Я не врала, я говорила правду, что недавно в доме и плохо знаю семью… и мне верили, кажется, верили. И задавали новые вопросы, от которых я опять же отгораживалась незнанием. И вот тишина.
За окном солнце и догорающая жаром весна, иллюзия свободы и продолжающаяся жизнь. Уйти бы… меня никто не держит, дверь открыта, всего-то и надо, выйти из дома и по тропинке до деревни, а там на автобус… или заплатить кому-нибудь из местных, чтобы довезли до города. Я же сижу и молча примериваю на себя чужие неприятности.
Зачем? Не знаю.
Татьяна сама пришла ко мне, плотно прикрыла дверь и, опершись на нее спиной, поинтересовалась:
– Это ведь ты, да?
– В каком смысле?
Она фыркнула. Она подобралась, руки скрещены на груди, ноги на ширине плеч, взгляд хмурый, настороженный и нервный.
– Ты знала про порошок… Явилась сюда, вынюхивала чего-то… небось Деду донести собиралась, а он взял и умер. – Татьяна хихикнула. – Умер, старый тупой урод… умер…
– Успокойся, – мне было слегка не по себе. Татьяну ломает, пока не сильно, но не стоит ждать от нее адекватного поведения.
– А я спокойна. Я очень даже спокойна. Мне глубоко насрать, узнает кто или нет. Деда нету, теперь пусть все знают, что Танька – долбаная наркоманка! Почти в рифму…
Слеза прочертила дорогу по щеке, Татьяна смахнула ее, Татьяна улыбалась, Татьяна была невменяема.
– Думаешь, каково это, когда всю жизнь только и слышишь «должна, должна, должна». А я не хочу быть должна, я не хочу соответствовать, я хочу сама по себе… и выбирать, а не идти, куда скажут, – она опустилась на пол, вытянула ноги.
– У меня проблем нет.
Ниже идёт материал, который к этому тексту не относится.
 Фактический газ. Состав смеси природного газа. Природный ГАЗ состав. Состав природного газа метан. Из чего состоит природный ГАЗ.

Нет проблем. Я просто, чтобы ему досадить… достал нравоучениями, всех достал… а я назло. Теперь брошу. Завяжу. Я уже третий день… сама… у меня хватит воли.
– Конечно, хватит. – Я присаживаюсь рядом, обнимаю ее за плечи. Я не верю в силу воли, нет ее, есть запертая комната и лечение. Есть боль, которая очищает, есть раскаяние и острое желание послать все и вся к чертовой матери, потому что в глубине души знаешь, что сопротивляться бесполезно.
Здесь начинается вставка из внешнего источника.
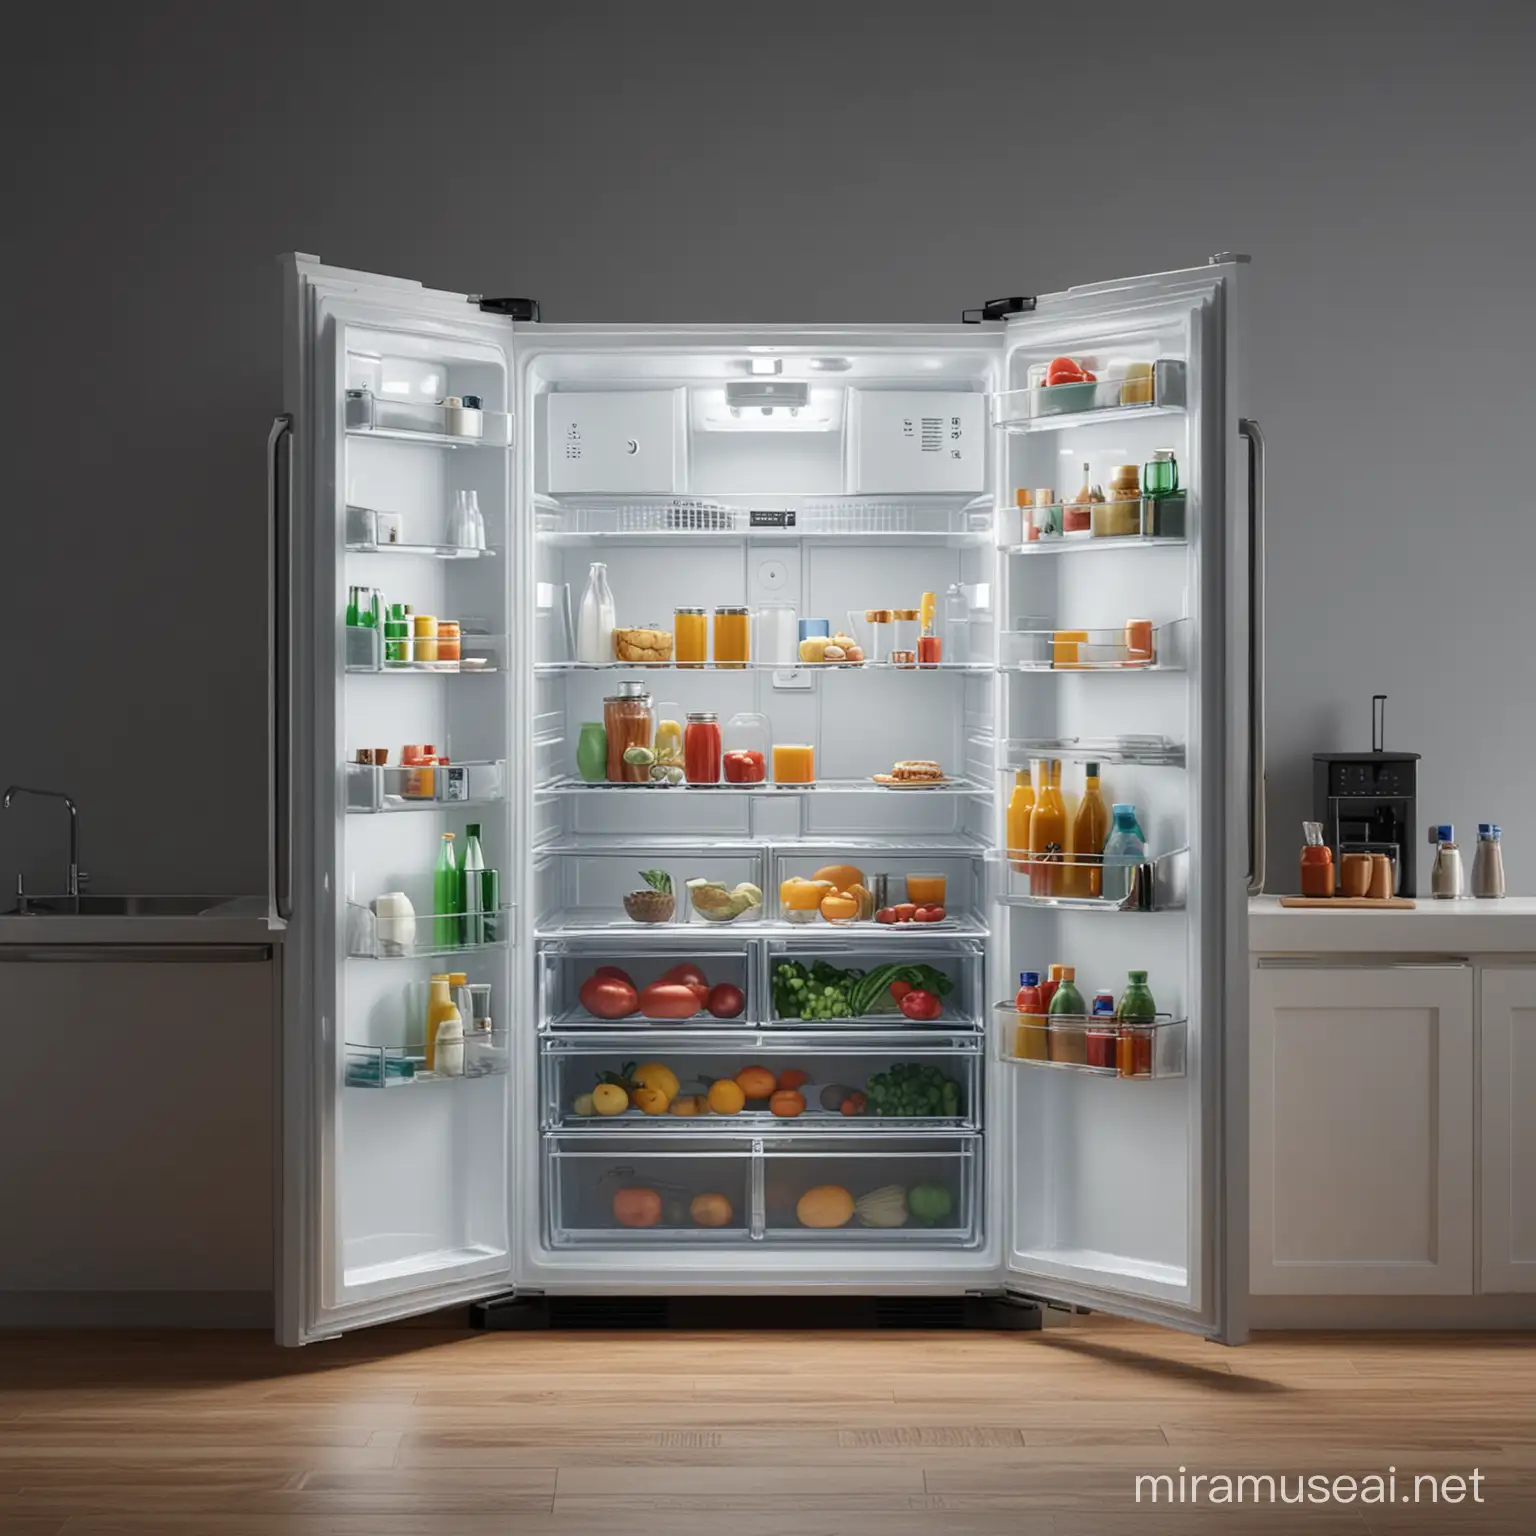 Empty Refrigerator in Night Kitchen

– Иди к дьяволу, – пробормотала Татьяна. – И он тоже к дьяволу… сдох. Коньяк и кокаин, чертовы картины… шикарная смерть для старого урода. А ведь только ты про меня знала…
– Догадывалась.
– Где догадка, там и знание, – философски заметила Татьяна. – Я по глазам видела, по тому, как смотришь, как улыбаешься… ты все видела, и Деду, наверное, доложила. Убил бы, но сам сдох… а милиции не рассказала, иначе трясли б уже. Почему?
Ознакомительная версия.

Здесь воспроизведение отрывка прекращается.